Bolton pressed Syrian President Bashar Assad to turn over for prosecution Khaled Mishaal, Hamas’ exiled political leader who lives in Damascus and who famously escaped a Mossad attempt on his life in 1997.
“In addition, we call upon Syria to stop financing the terrorists and stop cooperating with other states, such as Iran, which finance terrorists,” Bolton said.
Hamas, blacklisted as a terror group by Israel and the West, has vowed that the “barbaric aggression” by Israel would not topple its administration, which took office in March after shock election win.
“We are working to end this crisis but the aggression must stop and the siege has to be lifted,” Haniyeh said Friday.
Israel had further ratcheted up the pressure on the Palestinian leadership Friday by revoking the Jerusalem residency rights of a Hamas minister and three MPs, meaning their likely expulsion from the occupied east of the Holy City.
Israeli troops rounded up scores of Hamas members in a massive West Bank sweep the day before, including eight ministers — a third of the Palestinian Cabinet — and 24 MPs.

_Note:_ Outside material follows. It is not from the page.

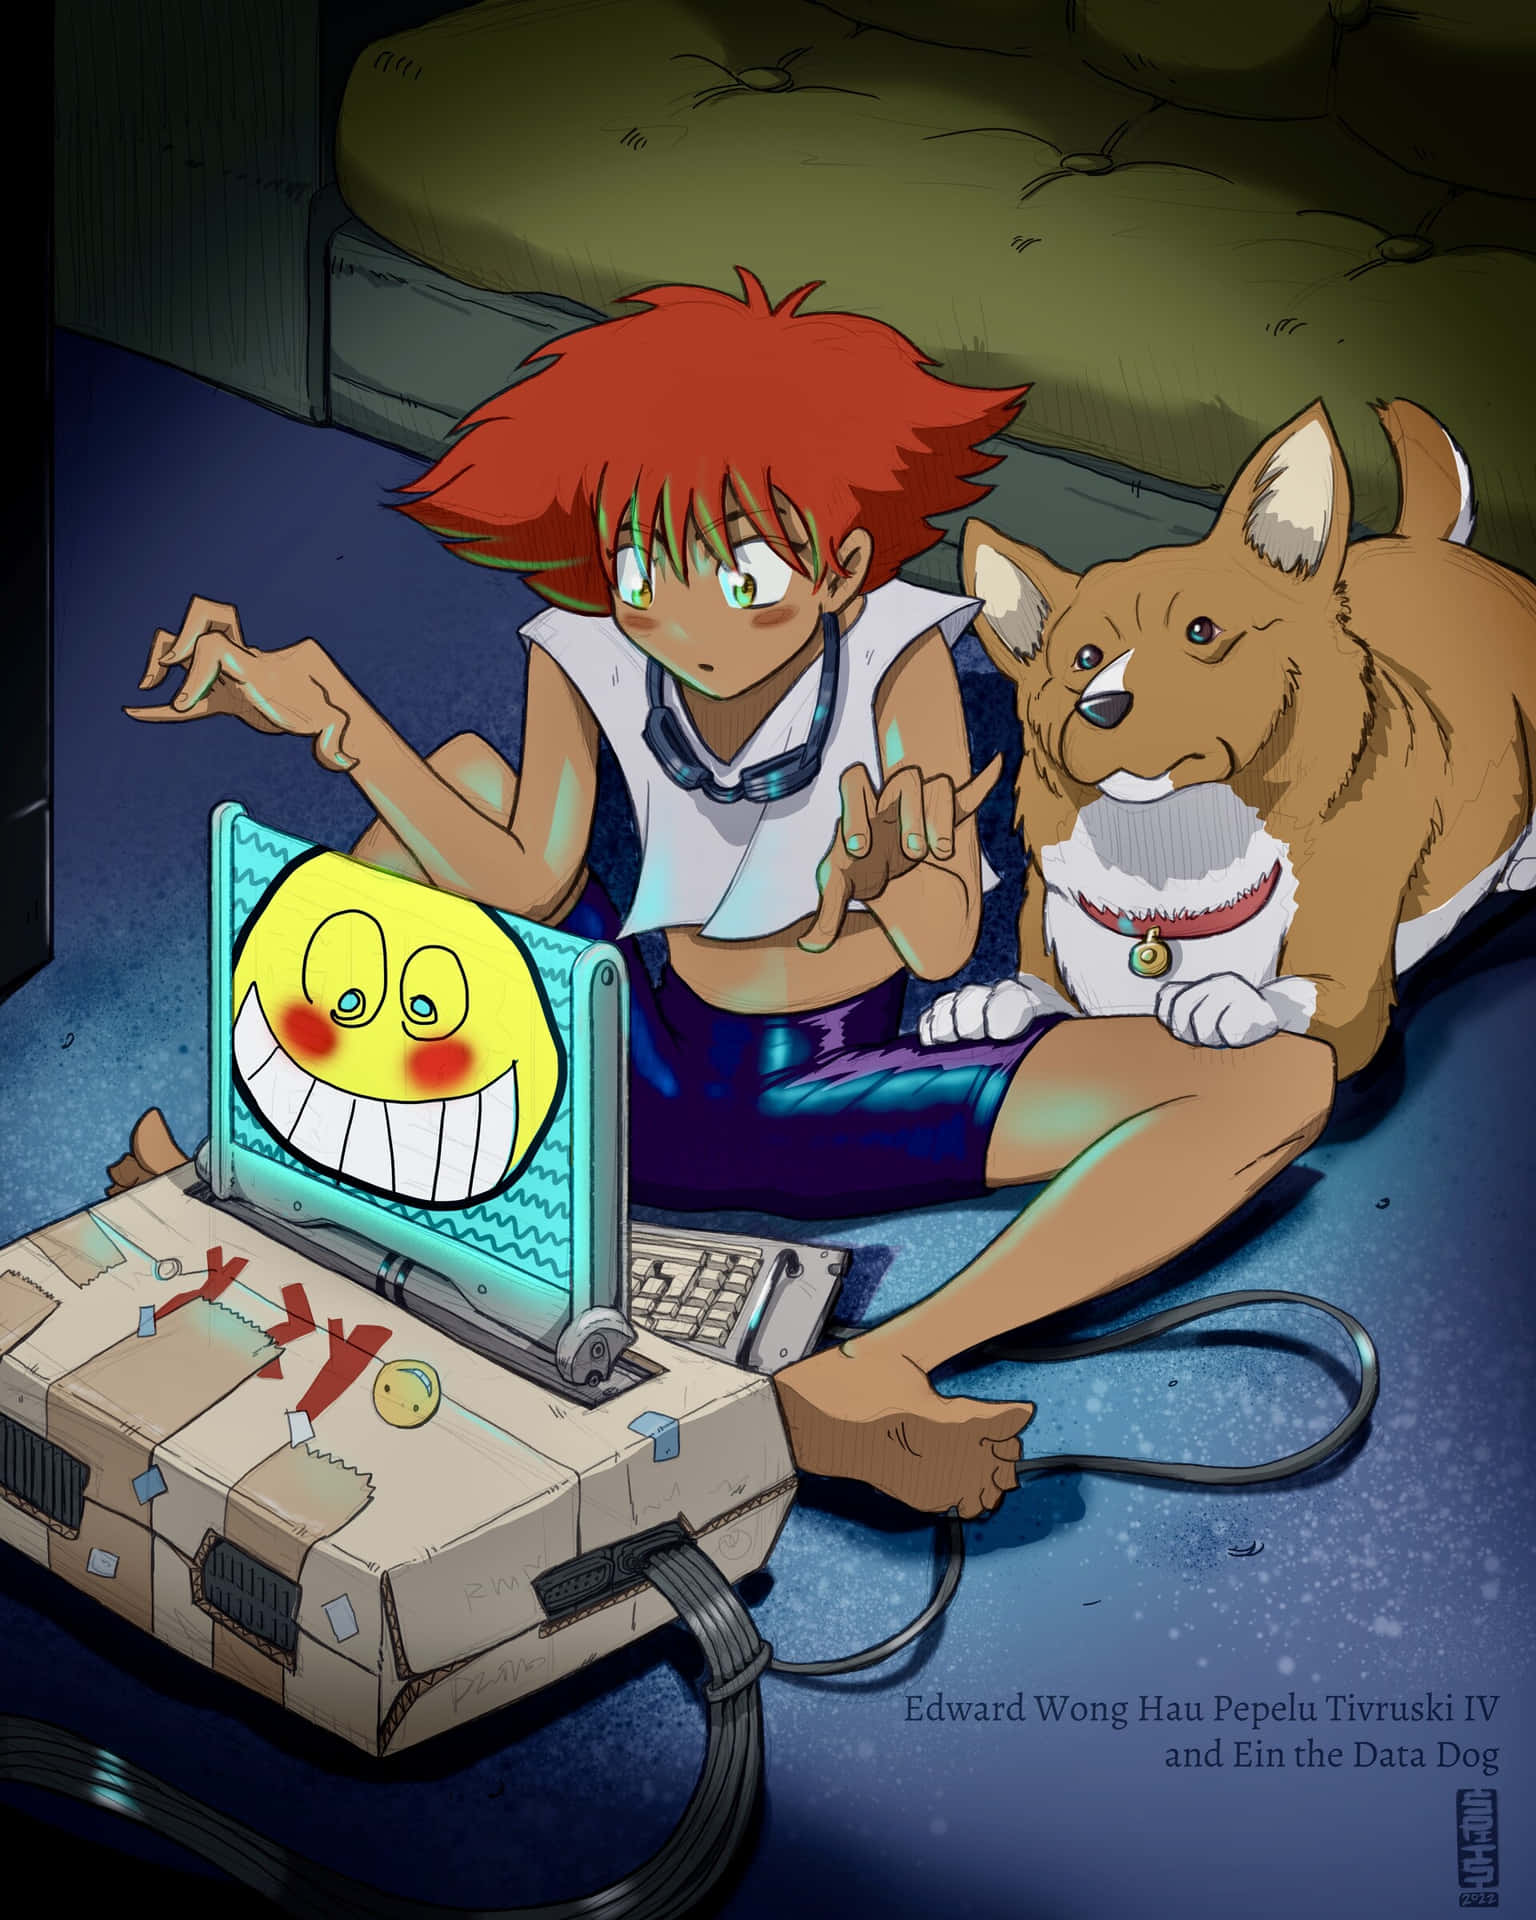 Ein, the adorable data dog from Cowboy Bebop, gazing curiously into the distance Wallpaper

Many parts of Gaza, already facing a dire humanitarian crisis because of a cut in Western aid since Hamas took office, are without electricity and water because of the Israeli strikes.
The United Nations warned that the Gaza Strip could soon face major shortages despite the Israeli army’s insistence that the territory had “ample” supplies of food and fuel.
Israel’s offensive — and a perceived lack of action by world leaders — has drawn fierce criticism in the Arab world.